If you supply enough insulin sensitising shorter chain fatty acids that they penetrate past the liver to peripheral adipocytes they will continue to work their insulin sensitising effect but this time on adipocytes rather than hepatocytes. With enhanced adipocyte insulin signalling there is enhanced fat gain. This appears to be optimal at 67% of calories from butter. Much more than 67% would tend towards ketogenically low levels of insulin exposure and the insulin sensitising effect would become irrelevant. Again, a guess, but much over or under 67% would have generated less obesity. It's a model, it's designed to make a point.

In the canola oil arm the high fat diet provide ~20% of calories as LA, verging on an uncoupling dose rate. In addition to this there are 10% of calories as ALA, a significantly better activator of UCP1 and UCP2 than LA. This is clearly a factor in the high fat group and there are oddities on the graph and elsewhere in the paper which do suggest that this is the case. Another post.

What would have happened if they had lowered the canola oil to a real low fat level, say 4% of calories from PUFA? LA at under 4% of energy is not usually obesogenic, though it should tend that way via the Protons F:N ratio, absenting uncoupling effects. Some fat storage is beneficial. And ALA would accentuate this effect, so long as levels were high enough for the Protons effect to occur but low enough to avoid uncoupling effects. So very low dose canola oil might well be obesogenic and was sensibly avoided.

You don't write your experimental protocol until you are damned sure it is going to deliver. The required result here is to show that "saturated" fat rich diets are obesogenic and "PUFA" rich diets are not.

They succeeded. As I say, they are good. Here's the start of their discussion:

"The present study tested canola, lard, and butter, respectively, low, moderate, and rich sources of SFA, widely consumed in the human diet, in an animal model of dietary obesity. As predicted, results confirmed the hypothesis that an SFA-rich diet is more obesogenic than diets with lower SFA content."

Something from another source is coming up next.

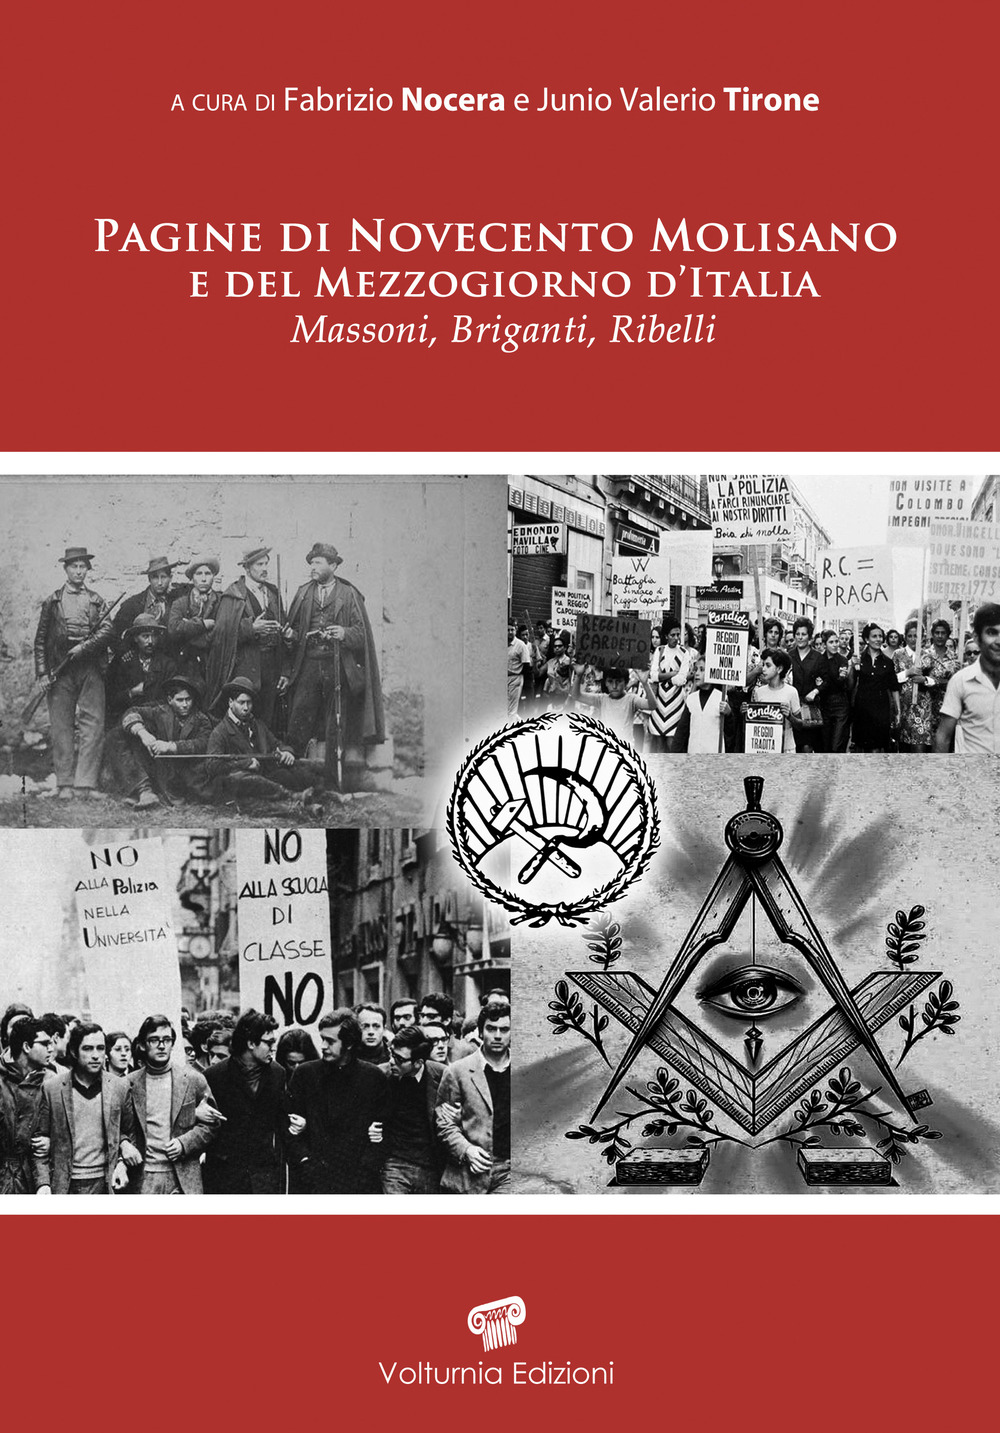 Pagine di Novecento molisano e del Mezzogiorno d'Italia. Massoni, briganti e ribelli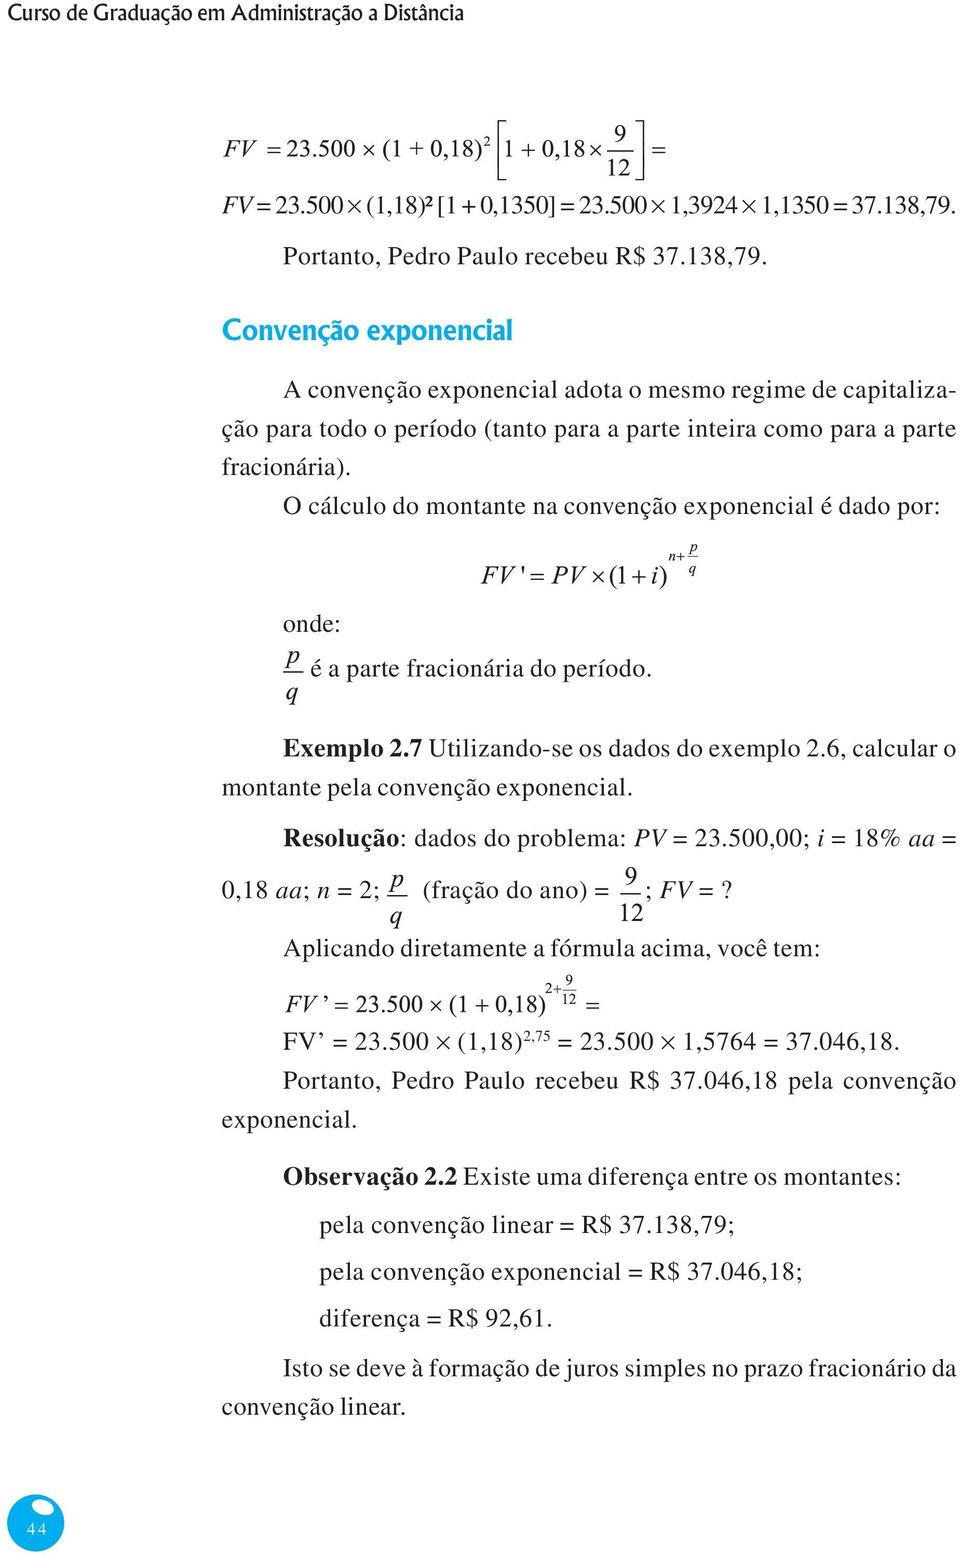 parte fracionária do período Exemplo 27 Utilizando-se os dados do exemplo 26, calcular o montante pela convenção exponencial Resolução: dados do problema: PV = 23500,00; i = 18% aa = 0,18 aa; n = 2;

They obtained the result they predicted. Probably by dint of a lot of hard work.

Peter

4 comments:

  1. Thanks Peter

    67% of daily calories from butter for a human ends up around 250g day. 1/2lb-ish. Do-able but ... fatty beef is nicer.(*) I always liked the name if that website " Butter makes your pants fall down" although he was on about lchf in general. He lost an impressive amount of girth.

    (*) Currently bulk rump and porterhouse are selling for $10AU/kg here. Might be worth emigrating ...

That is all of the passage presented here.